→ **What you have to do**
Could you output the whole listing exactly as it stands, minus any images?

→ **Information supplied**

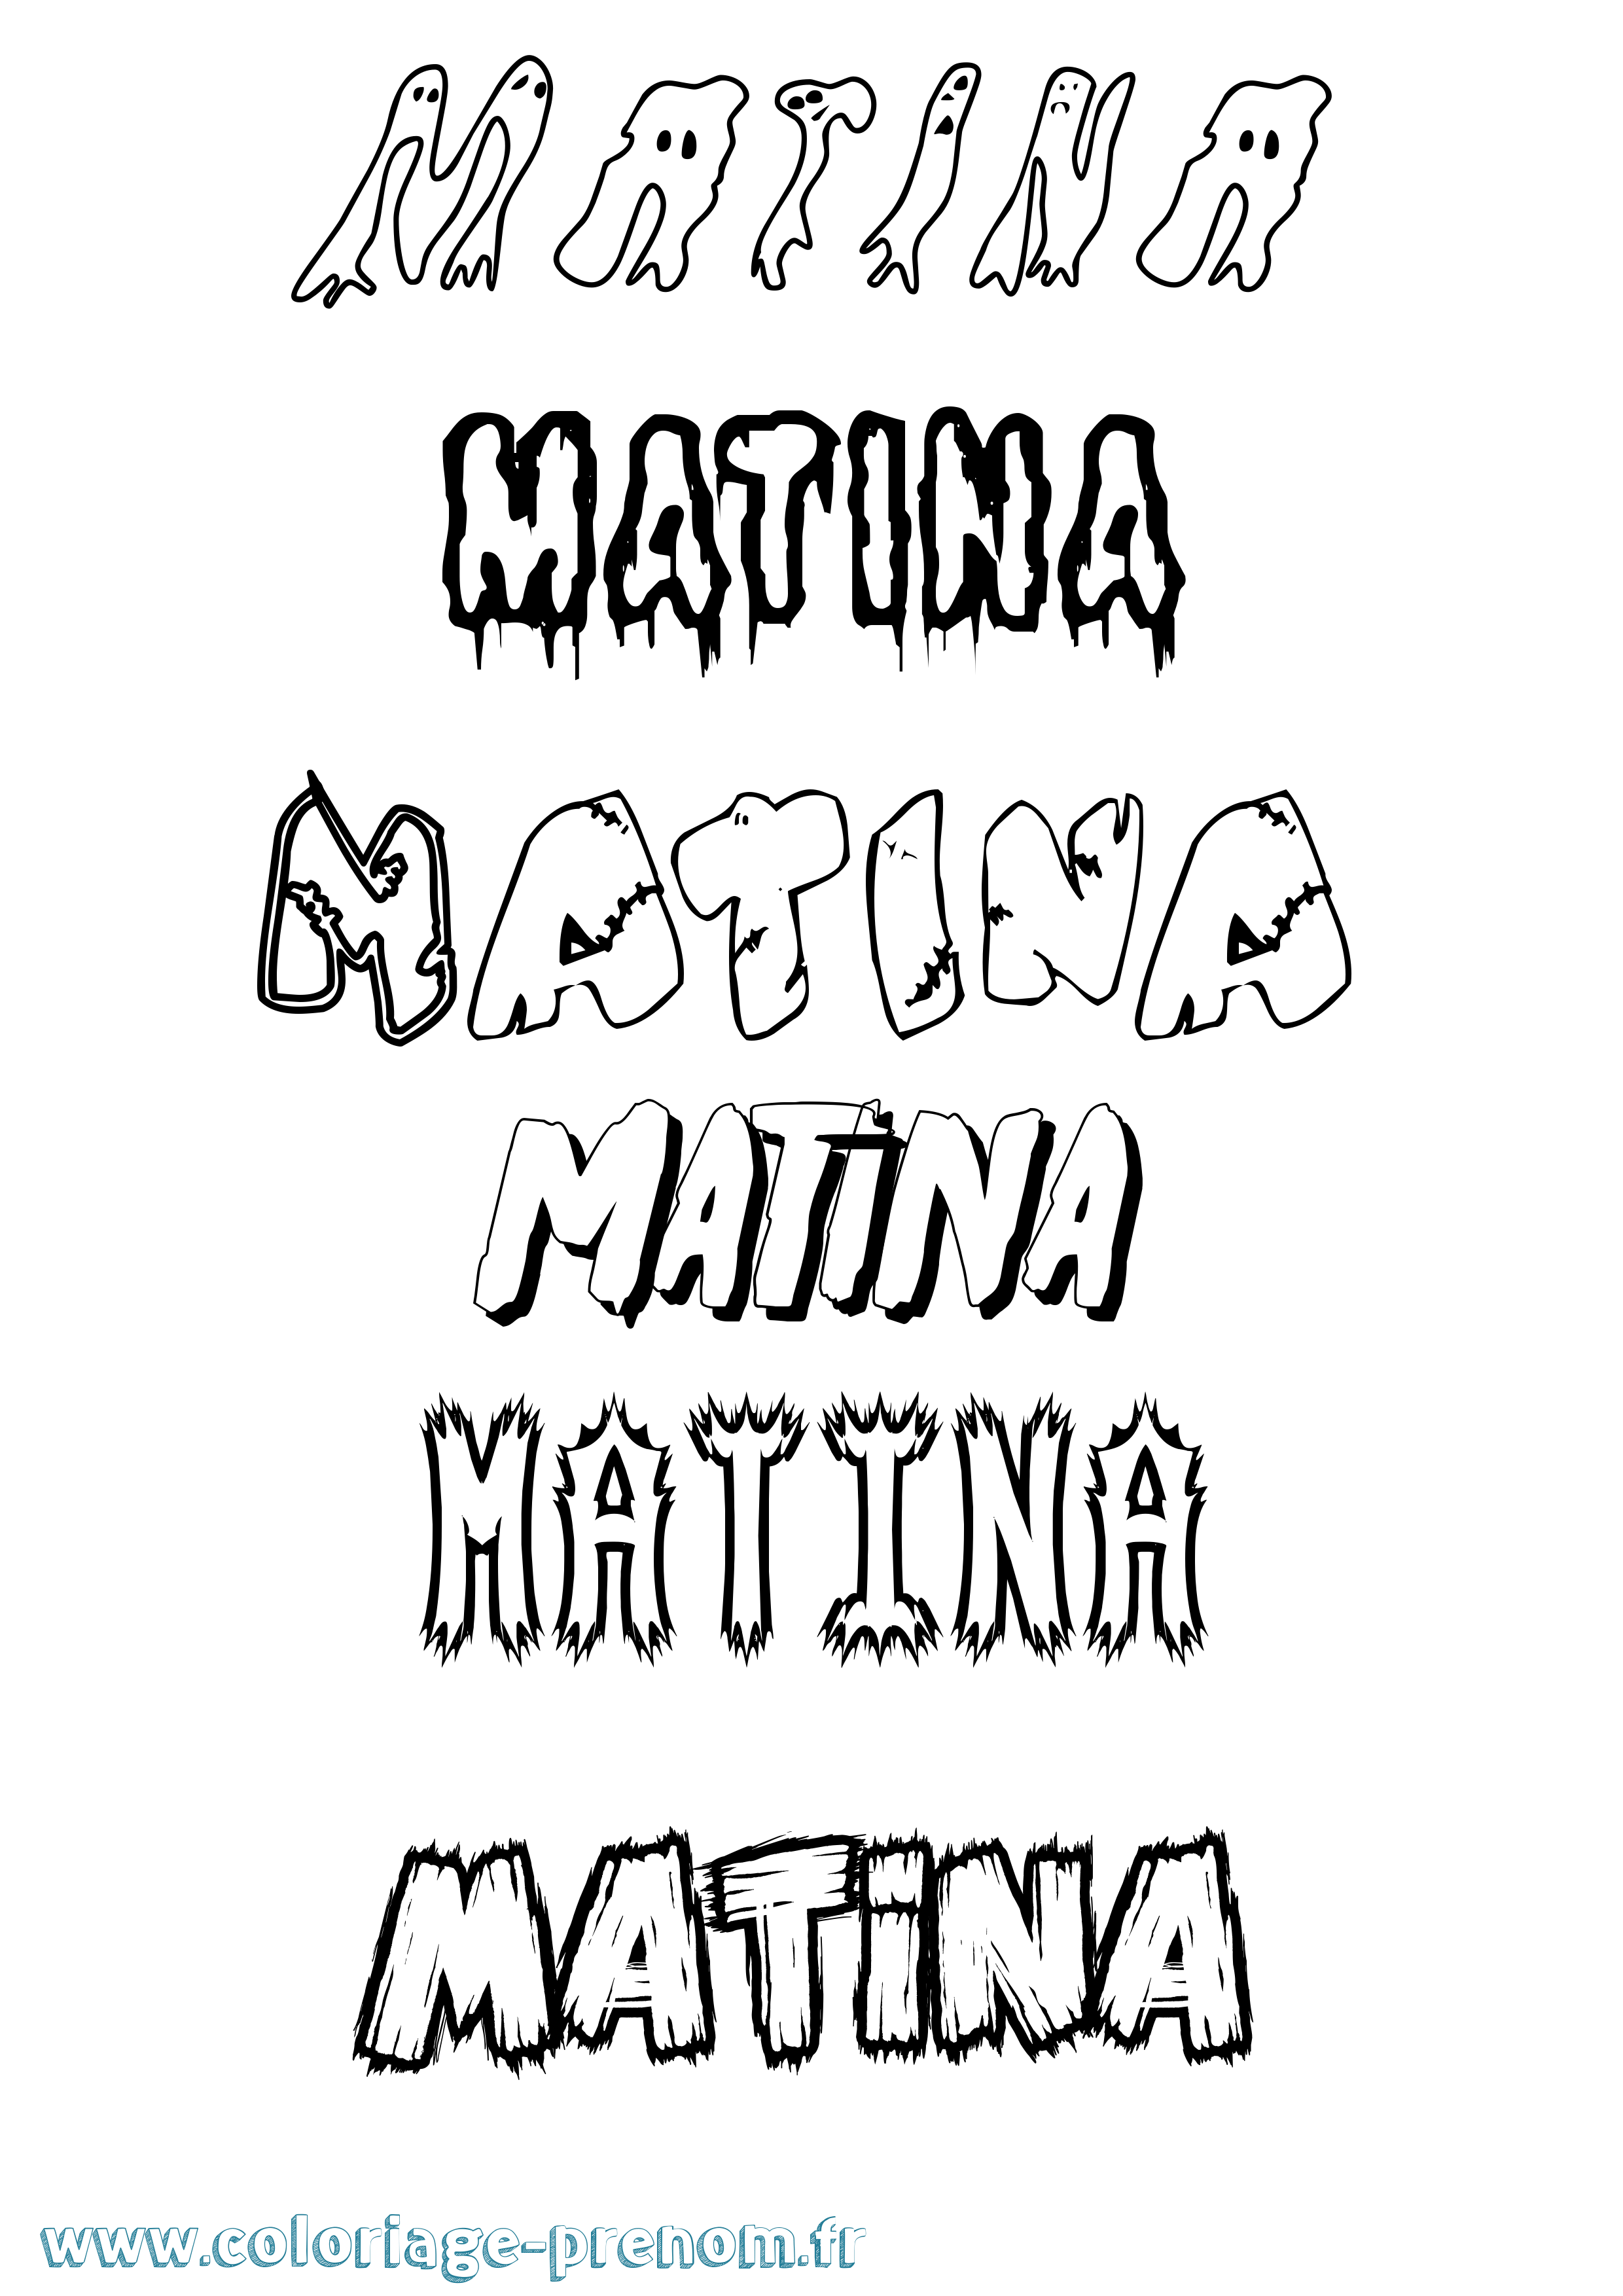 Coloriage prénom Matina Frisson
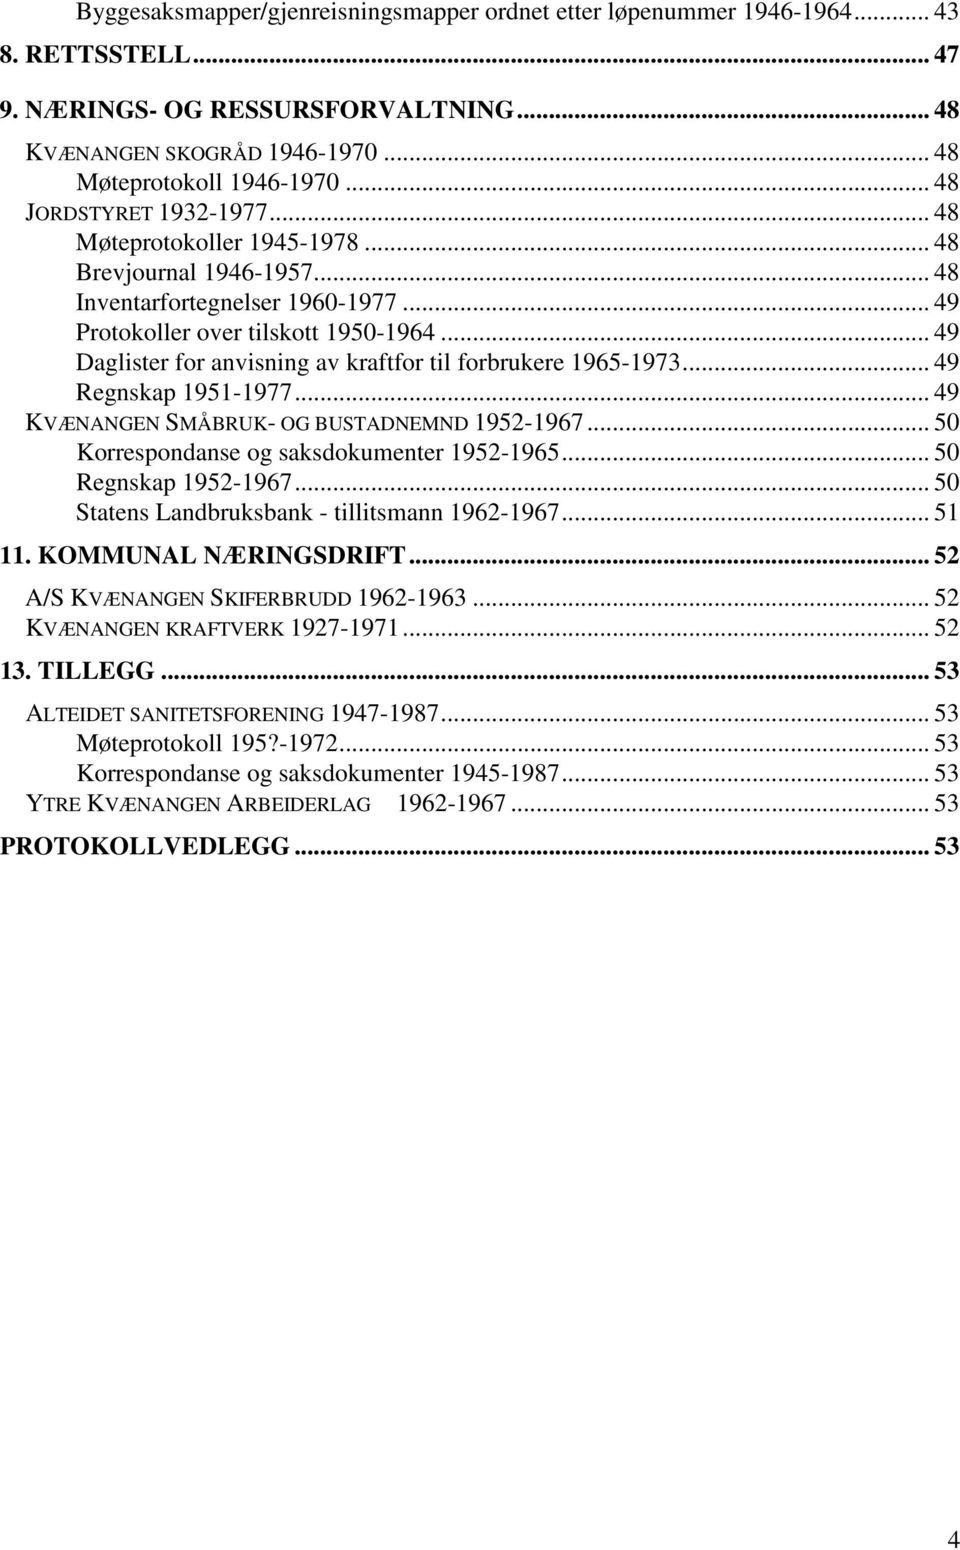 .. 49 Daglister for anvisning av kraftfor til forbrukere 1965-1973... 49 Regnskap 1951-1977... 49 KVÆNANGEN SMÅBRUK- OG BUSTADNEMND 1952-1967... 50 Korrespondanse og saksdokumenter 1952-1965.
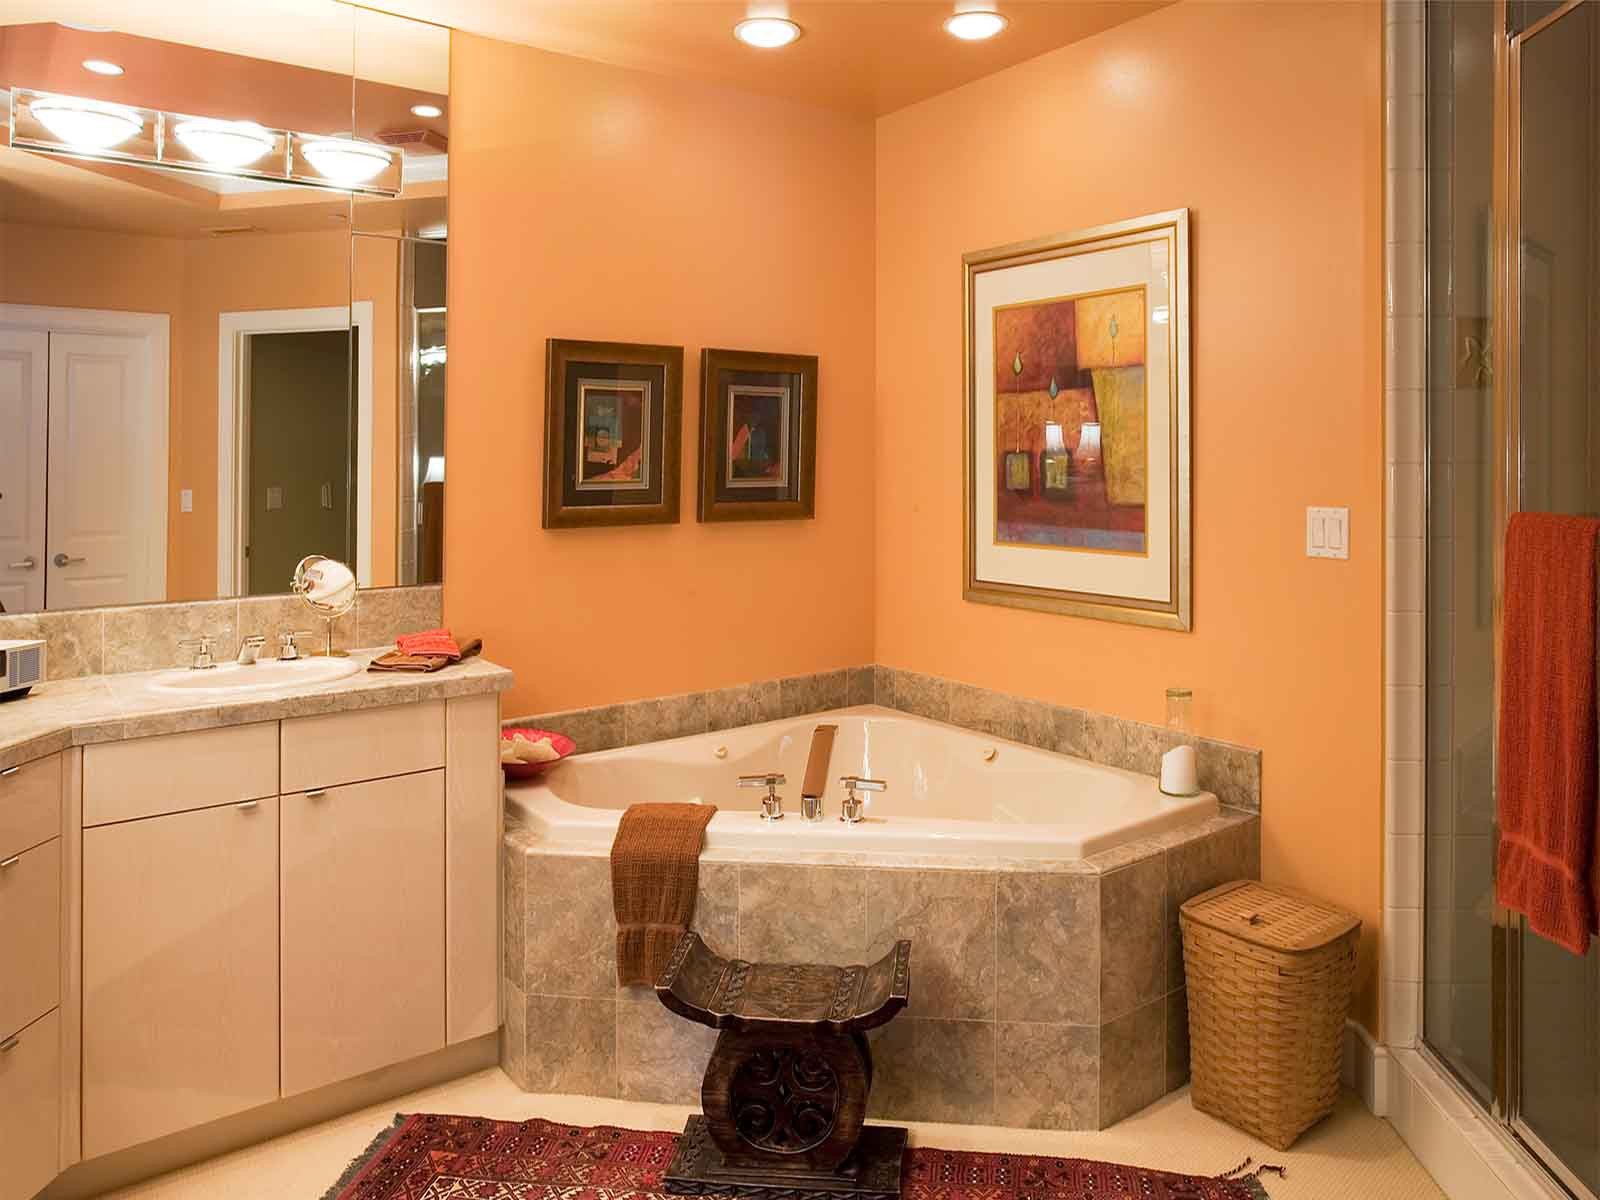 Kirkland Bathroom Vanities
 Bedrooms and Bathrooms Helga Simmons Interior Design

→ **The answer**
 Coloriage prénom Matina Frisson
 .. 49 Daglister for anvisning av kraftfor til forbrukere 1965-1973... 49 Regnskap 1951-1977... 49 KVÆNANGEN SMÅBRUK- OG BUSTADNEMND 1952-1967... 50 Korrespondanse og saksdokumenter 1952-1965.
 Kirkland Bathroom Vanities
 Bedrooms and Bathrooms Helga Simmons Interior Design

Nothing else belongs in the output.